Jobflow Remote quickstart#
After completing the Setup and installation, it is possible to start submitting
Flow
for execution. If you are not familiar with the concept of Job
and Flow
in jobflow you can start checking its
tutorials.
Any jobflow’s Flow
can be executed with jobflow-remote,
but, at variance with jobflow simple examples, the Job functions should
be serializable and accessible by the runner. Simple custom examples based
on functions defined on the fly cannot thus be used.
For this reason a few simple Job
s have been prepared for
test purposes in the jobflow_remote.utils.examples
module.
For the execution of the following tutorial it may be convenient to define
a simple worker with type: local
and scheduler_type: shell
to speed up
the execution, but any worker is acceptable.
Submit a Flow
#
To run a workflow with jobflow-remote the first step is to insert it into the
database. A Flow
can be created following the standard jobflow procedure.
Then it should be passed to the submit_flow
function:
from jobflow_remote.utils.examples import add
from jobflow_remote import submit_flow
from jobflow import Flow
job1 = add(1, 2)
job2 = add(job1.output, 2)
flow = Flow([job1, job2])
print(submit_flow(flow, worker="local_shell"))

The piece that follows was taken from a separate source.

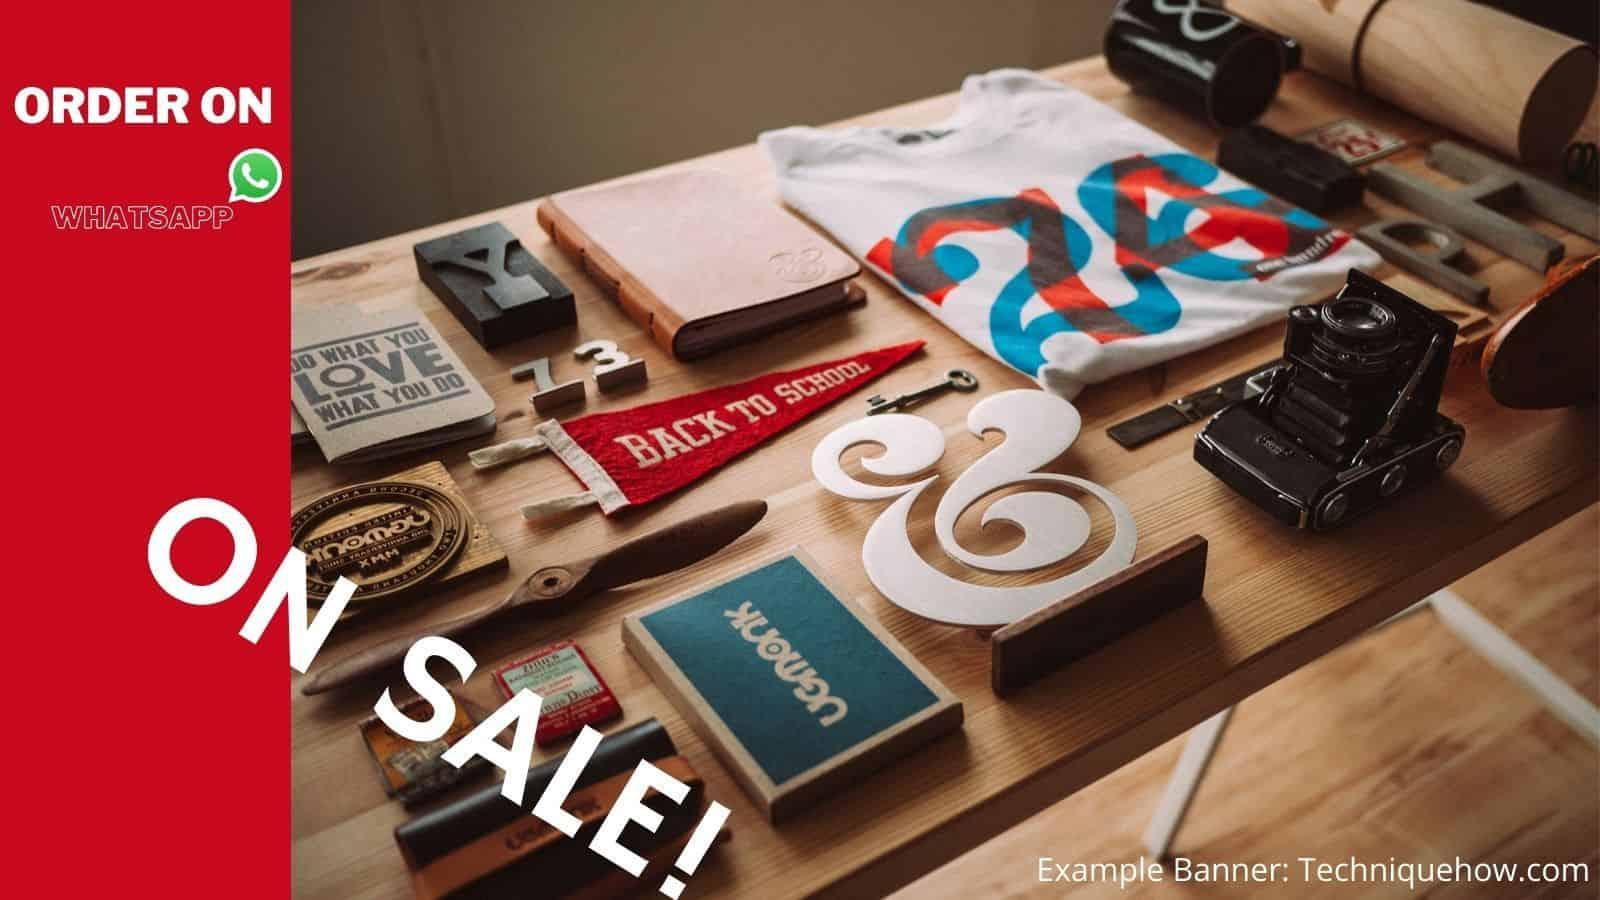 whatsapp group sale

This code will print an integer unique id associated to the submitted Job
s.
Note
In addition to the uuid, the standard jobflow’s identifier for Jobs,
jobflow-remote also defines an incremental db_id
, to help quickly
identify different Jobs. A db_id
uniquely identifies each Job entry
in jobflow-remote’s queue database. The same entry is also uniquely
identified by the uuid
, index
pair.
Note
- On the worker selection:
The worker should match the name of one of the workers defined in the project.
In this way all the
Job
s will be assigned to the same worker.If the argument is omitted the first worker in the project configuration is used.
In any case the worker is determined when the
Job
is inserted in the database.
Warning
Once the flow has been submitted to the database, any further change to the
Flow
object will not be taken into account.
It is now possible to use the jf
command line interface (CLI):
jf job list
to display the list of Job
s in the database:
Jobs info
┏━━━━━━━┳━━━━━━┳━━━━━━━━━┳━━━━━━━━━━━━━━━━━━━━━━━━━━━━━━━━━━━━━━━━━━━┳━━━━━━━━━━━━━┳━━━━━━━━━━━━━━━━━━━━┓
┃ DB id ┃ Name ┃ State ┃ Job id (Index) ┃ Worker ┃ Last updated [CET] ┃
┡━━━━━━━╇━━━━━━╇━━━━━━━━━╇━━━━━━━━━━━━━━━━━━━━━━━━━━━━━━━━━━━━━━━━━━━╇━━━━━━━━━━━━━╇━━━━━━━━━━━━━━━━━━━━┩
│ 2 │ add │ WAITING │ 8b7a7841-37c7-4446-853b-ad3c00eb5227 (1) │ local_shell │ 2023-12-19 16:33 │
│ 1 │ add │ READY │ ae020c67-72f0-4805-858e-fe48644e4bb0 (1) │ local_shell │ 2023-12-19 16:33 │
└───────┴──────┴─────────┴───────────────────────────────────────────┴─────────────┴────────────────────┘
Note
It is possible to use the -v
flag to increase the verbosity of the output.
Use -vv
or -vvv
to further increase the the verbosity.
It is also possible to filter and sort* the results. run jf job list -h
to see the available options.
One of the Jobs is in the READY
state, signaling that it is ready to be executed.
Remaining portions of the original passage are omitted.